End of summer is experienced more as the time when we set aside the white and light colored clothes for the darker ones that eventually ends up with the solid dark come sun-deprived winter.  Mainland US and western Canada (a colleague sent me a picture of accumulated snow) drenched and soaked as fierce storms with hail and snow hit certain Midwest and Atlantic east coast regions.
 
In Saipan, we worked on our last BBQ for the year by the lagoon quaffing our ice-cold beer in the breeze, got the big screen for the NFL and college football seasons, and gathering chicken feathers and located the pumpkin pie recipe, cotton balls for snow, noted the gifts and lights to be shopped, located a real fir tree, caught a Pinoy to make real parol, and grabbed a crazy willing to be decked-out as Santa in shorts to ride a water buffalo in December!
 
But we're ahead of the season of the winter solstice when the earth hits the longest night, and the shortest day starts getting longer again, appropriated conveniently by the patriarchs to celebrate the Body of Christ (Christ Mass).
 
Endless summer was a movie when I was young of guys who went around the world chasing after the big wave to surf.  Being a resident of Hawaii, I am familiar with the surfing culture, more so because my brother lived in Waianae before he moved to the new city of Kapolei, both locations of which are only a hop and a skip towards the north shore where the real aficionados wait it out for the big one.  For looking fashionably comfortable, of course, one heads out for Waikiki with sun glasses, an occasional touch of sand but from the shore, not from wading in the wave and the water.  Serious surfers inhabit the windward side of Oahu. 
 
Ours is a profession that goes by a "beginning-less summer", or more accurately, "hardly any summer" at all.  I spent summers in Saipan with peers around meeting tables charting out the design of the incoming year in conferences too full to stretch the leg during deliberations, which was before we discovered that being aerobically fit also cleaned out the cobwebs of our minds leaving brain cells to work efficiently and well.
 
Summer was what other people had before I got to lasso them into the "productive" activities of the fall.  This is the anti-fun component of my Victorian heritage as a second generation Methodist in a Church parsonage.  I already knew myself to have been born "beautifully brown" with the skin sheen akin and seen in Madagascar to Tahiti across the Indian Ocean, South Asia, Southeast Asia, and Oceania, from body surfing the waves and wild night dancing around the bone fire.
 
The end of summer in China came early this year as did the autumn rains that were too abundant in places not normally known to be wet, scarce in other places where dampness sweltered and aridity wilted the peonies, followed by the quakes and the monsoon-turn-violent typhoons; we had a sure fire formula for tragedy. 
 
The season came with the view of my neighbors from my solarium and my kitchen back window more rosy than bleak.  My immediate community has the oldest set of tenement houses (1995) in the old Shenbei Center, now dwarfed by the surrounding high rises of apartment units for urban professionals.  A retiree across the street opens his non-performing repair shop to keep busy since it obviously does not add income to his retirement benefit. 
 
Younger men and women walk under my sunroom through the commons equipped with cellphones or tablets, locked in to their own digital universes, ignoring each other's presence.  They adore at the altar of the renminbi attending to the next sales' appointment and market deal.
 
The summer has not come to an end.  Many just shut it down.  Funny that I should just be discovering the pleasure of mine!
 

j'aime la vie
pinoypanda2031@aol.com
yesterday, appreciate; tomorrow, anticipate; today. participate. In all, celebrate!

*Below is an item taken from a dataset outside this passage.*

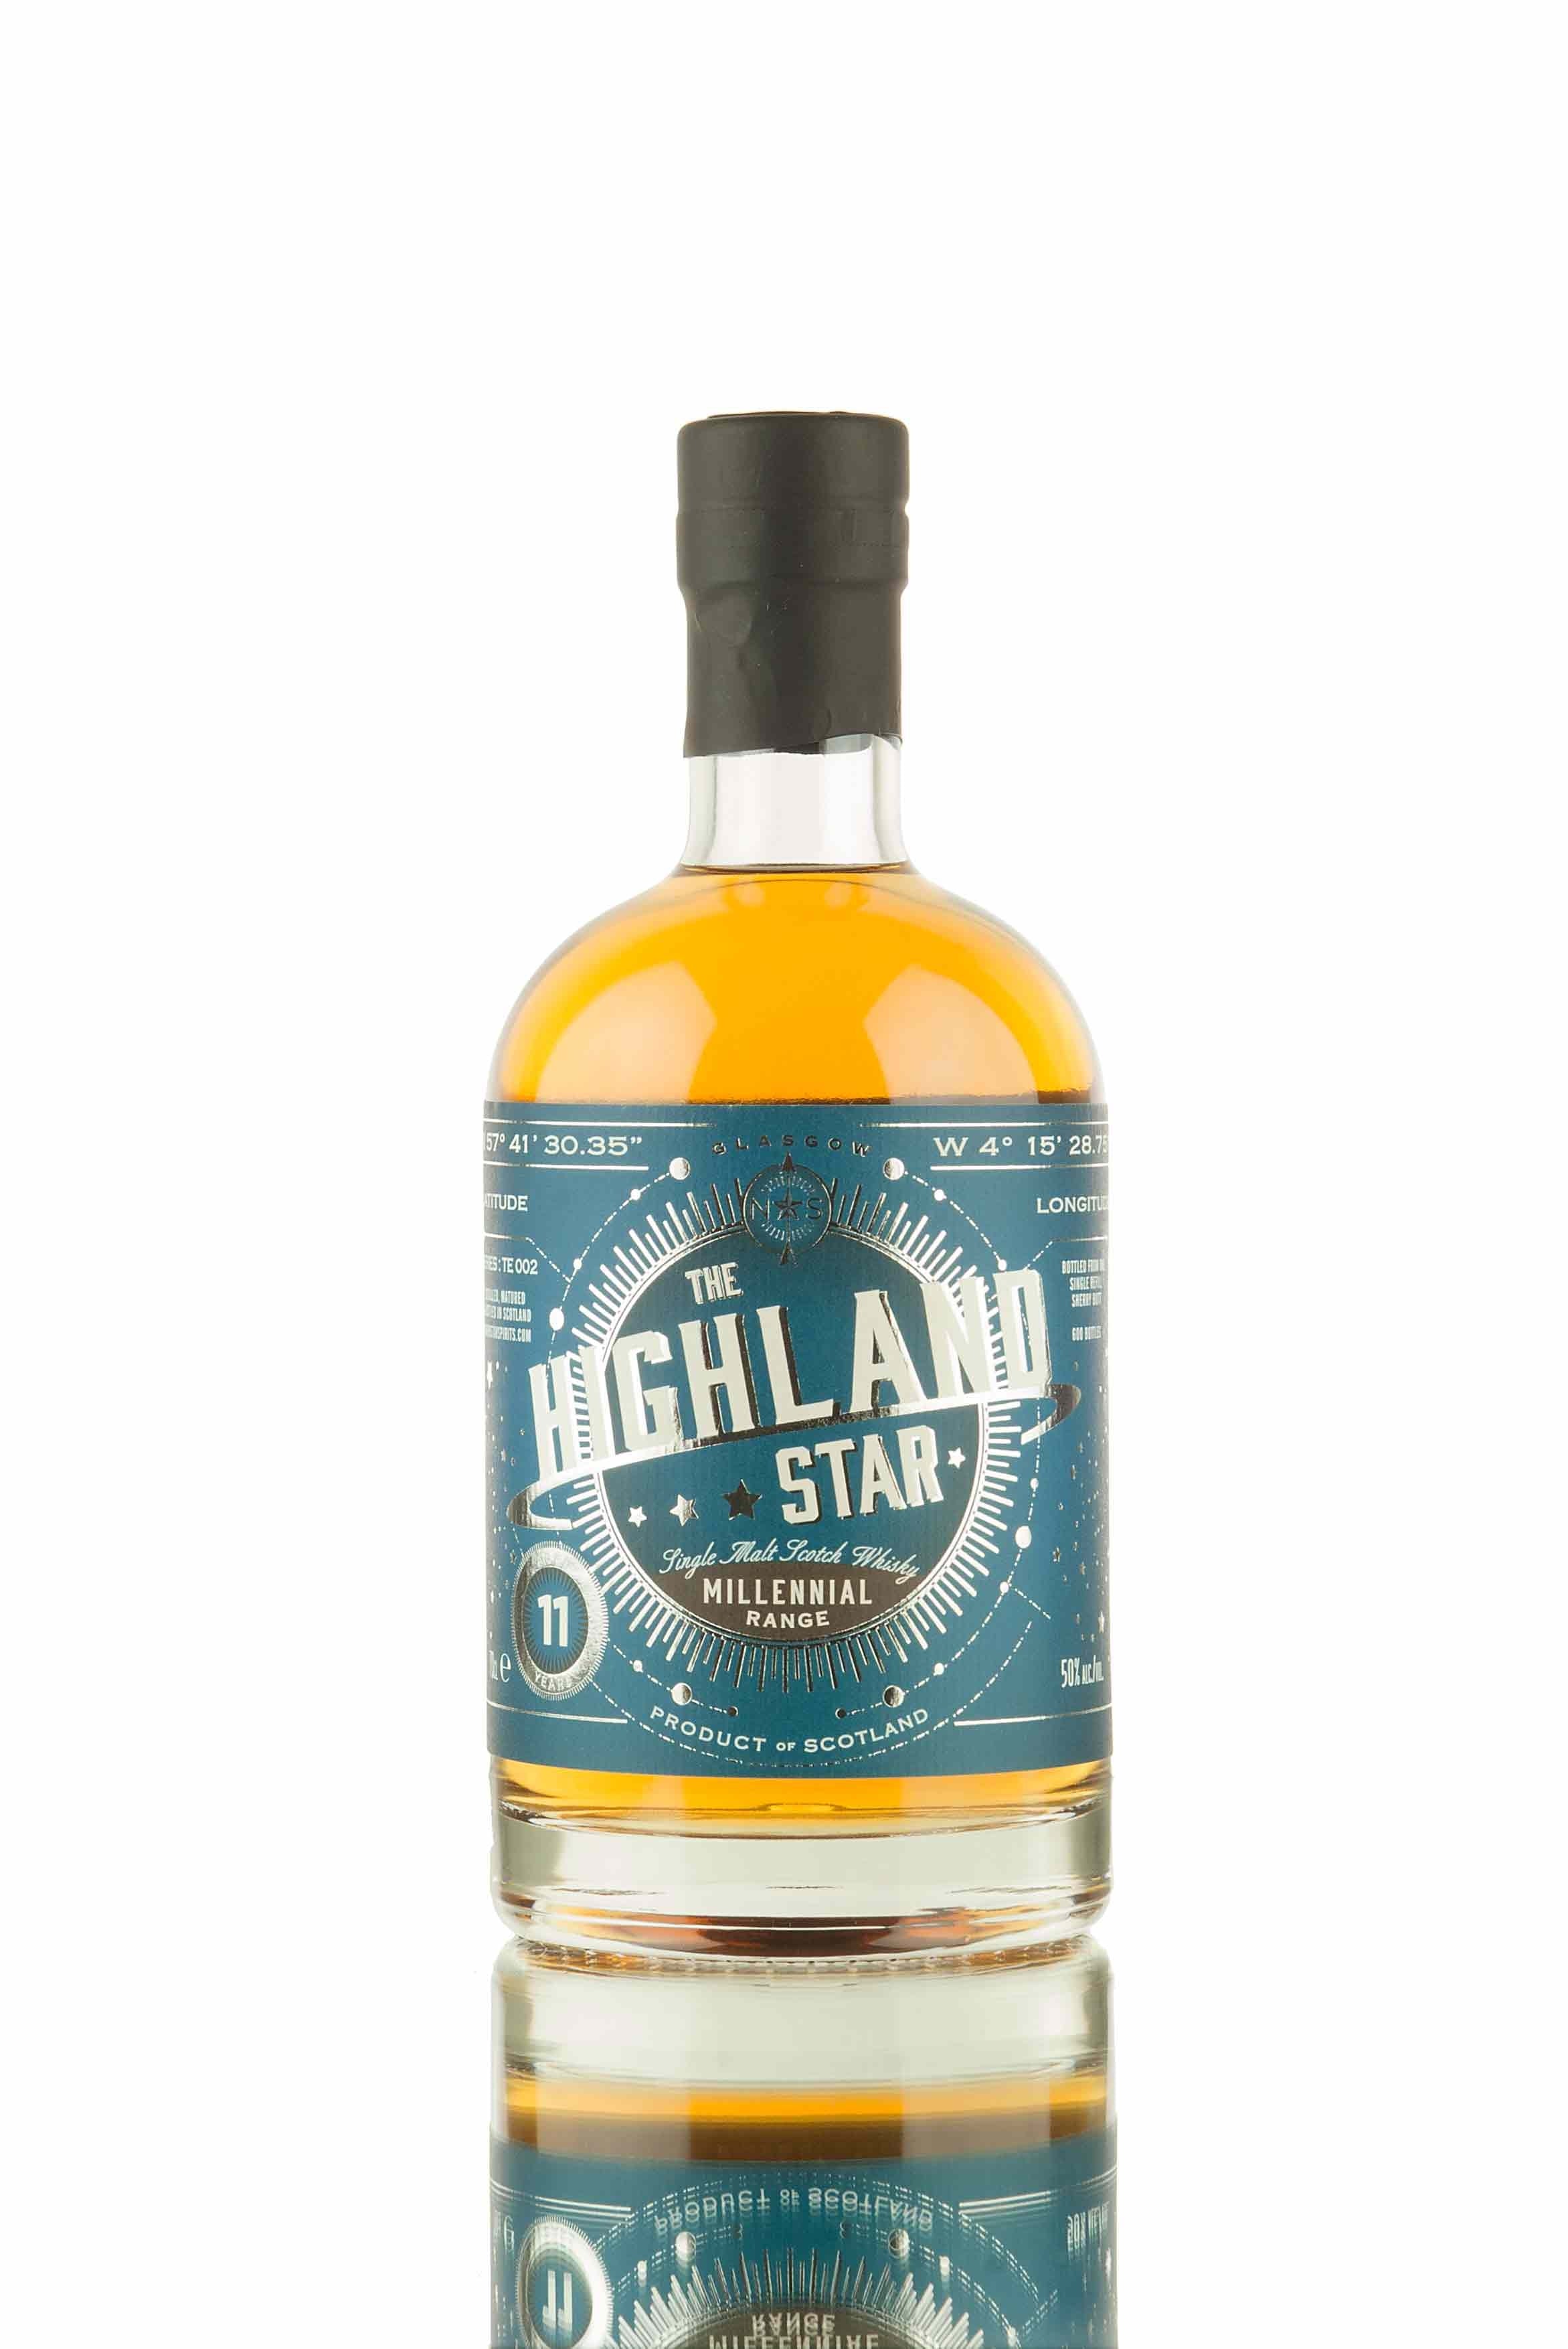 The Highland Star 11 Year Old | North Star Spirits (TE 002)

-----Original Message-----
From: Jayvee Vallejera <jayvee_vallejera@saipantribune.com>
To: Jaime R Vergara <pinoypanda2031@aol.com>
Sent: Thu, Sep 18, 2014 2:18 pm
Subject: Re: Speaking in Tongues

Jaime,

Do you have anything for me for Friday?

Jayvee

From: Jaime R Vergara <pinoypanda2031@aol.com>
Date: Thursday, September 18, 2014 at 1:38 AM
To: Jayvee VAllejera <jayvee_vallejera@saipantribune.com>, <sapuro.rayphand@gmail.com>
Subject: Fwd: Speaking in Tongues

Marc used to teach at MHS before I got to Saipan.  Sapuro, did you know him?

j'aime la vie
pinoypanda2031@aol.com
yesterday, appreciate; tomorrow, anticipate; today. participate. In all, celebrate!


-----Original Message-----
From: Marc Wathen <kismarc@gmail.com>
To: Jaime R. Vergara <pinoypanda2031@aol.com>
Sent: Wed, Sep 17, 2014 10:02 am
Subject: Speaking in Tongues

Hi Jaime,

Enjoyed your column today as I am an English teacher at a local high school in the New Territories. I teach mostly oral English, so I try to make my classes as welcoming as possible.

Interesting comment about Pimsleur's. When I first came to Hong Kong in 1995, I bought Pimsleur's Cantonese cassette tapes and listened to them on my Sony Walkman.

English is the third language of my half-Chinese son Thomas. He went to local schools where Cantonese was the medium of instruction. His mother spoke to him in Putonghua at home, and I spoke in English.

Thomas is now studying Japanese at East Los Angeles College. I spent five years in Osaka, Japan in the 1980s, so I am very happy about this.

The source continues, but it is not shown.